Детали из сновидений совпадали с реальностью, но даже не это меня удивляло, а ощущение, что и мужчина, и ребёнок мне близки. И я бы сделала всё что угодно, чтобы их не потерять. Безрассудный шаг — отправиться в чужой дом, не пугал. Пугало то, что я могу их больше никогда не увидеть.

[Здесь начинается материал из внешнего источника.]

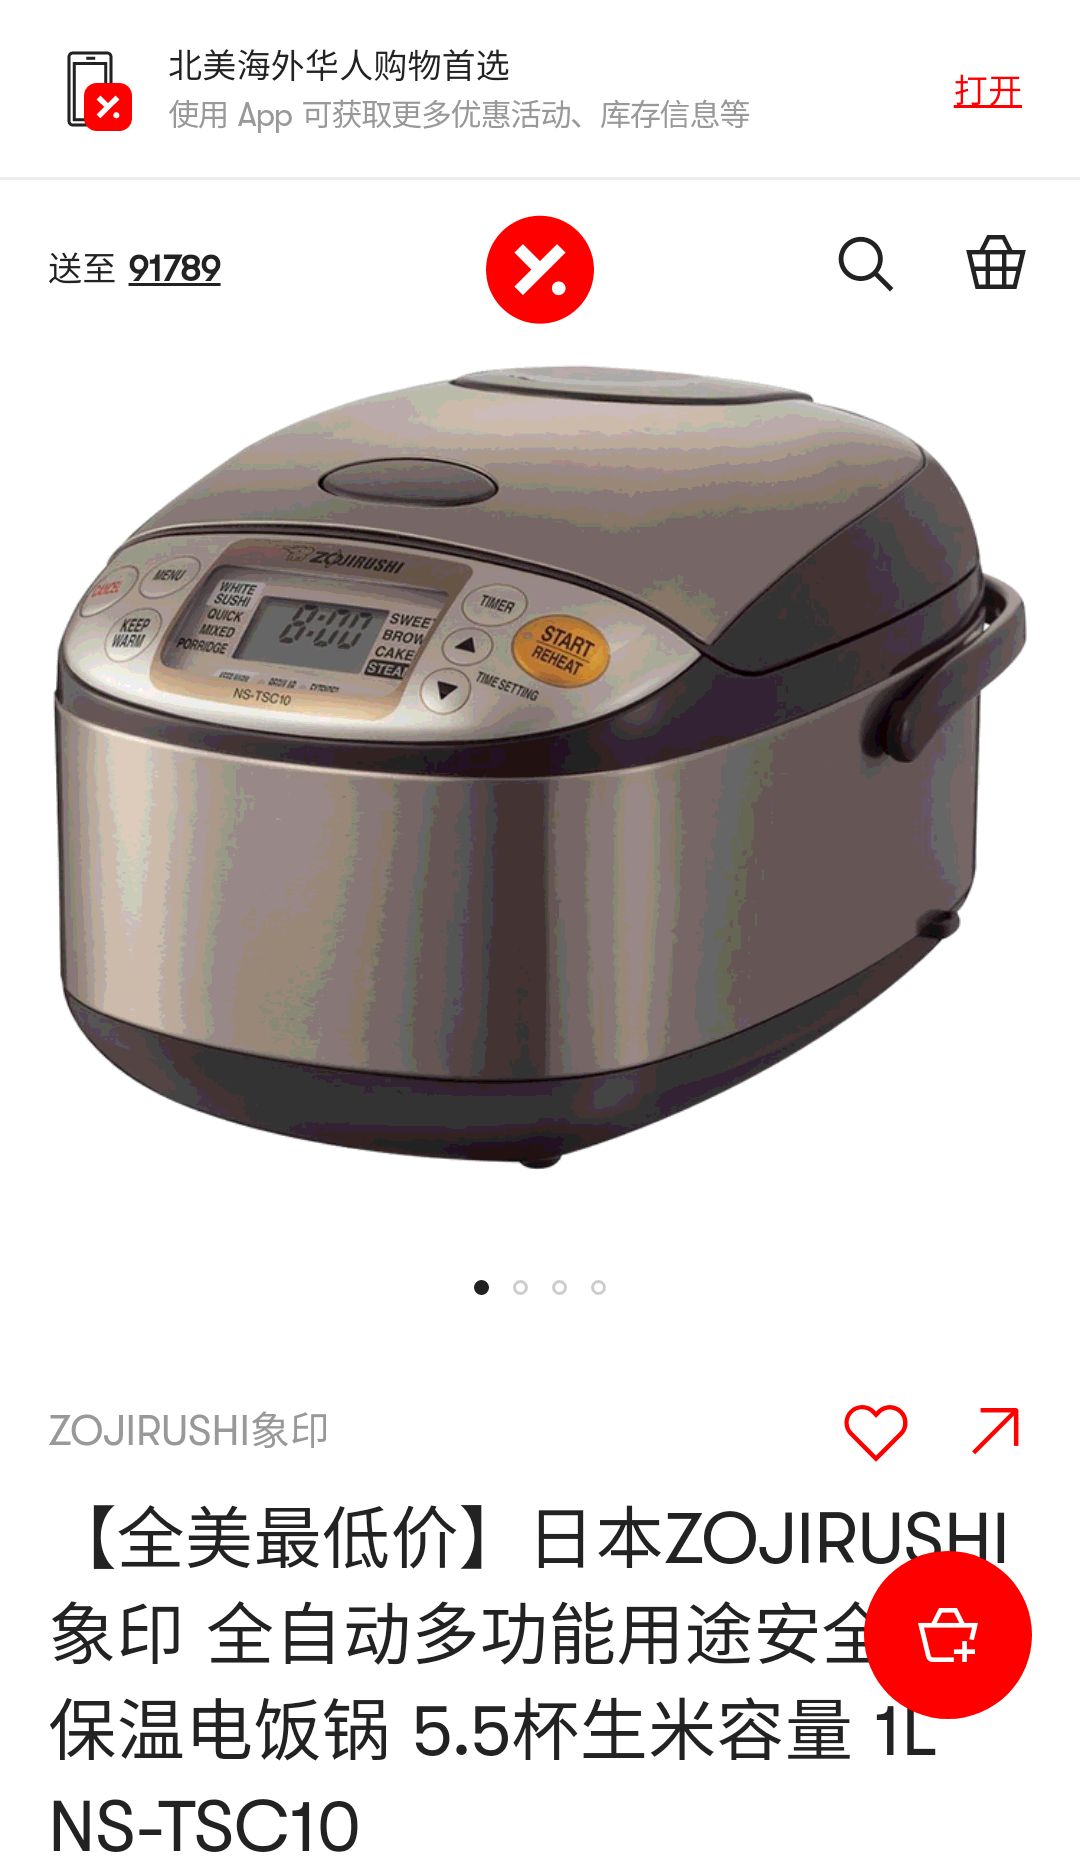 【全美最低价】日本ZOJIRUSHI象印 全自动多功能用途安全智能保温电饭锅 5.5杯生米容量 1L NS-TSC10 - 亚米

Квартира, куда мы приехали, вопреки моим ожиданиям, не вызвала никаких эмоций. Я полагала, что на меня с порога нахлынут воспоминания, и я наконец разберусь, что связывает меня с Лисёнком и Максимом. Ни расположения комнат, ни меблировка не казались знакомыми, но зато, когда мне требовалась какая-нибудь вещь, я странным образом предугадывала, где она находится. Со стороны могло показаться, что я неплохо ориентируюсь в квартире, будто я в ней не в первый раз. И только когда обнимала Лисёнка, я чувствовала, что моё место именно здесь, здесь мой дом.

Семейная фотография на полке в гостиной дала ответ на вопрос, почему Лисёнок и Максим узнали меня. С женщиной, запечатлённой на ней, мы были похожи как две капли воды. Но объяснить мне, почему память хранит её воспоминания, которые долгое время я воспринимала как собственные, не смог бы никто.

Если быть честной, я сама начинала сомневаться в их достоверности. Если Максим из воспоминаний смотрел на меня с любовью и нежностью, то в глазах настоящего читались настороженность, недоверие, боль. Когда на меня обрушилась его неконтролируемая ярость, я растерялась и испугалась. Его лицо, перекошенное гневом, пальцы, стальной хваткой, сжимавшие плечи, багровые пятна, оставшиеся после, убеждали меня в том, что Максим может быть несдержанным и грубым. Я пыталась вспомнить, что могло его так вывести из себя. Неужели фраза про запонки, внезапно пришедшая на ум? Золотые запонки с чёрным агатом… Я вспомнила, как покупала их, с каким трепетом принимала бархатную коробочку из рук продавца, как постоянно нащупывала её в кармане, боясь выронить. А потом я спешила к Максиму, подгоняемая его окриками. А потом я упала. Не я… Та женщина, очень похожая на меня.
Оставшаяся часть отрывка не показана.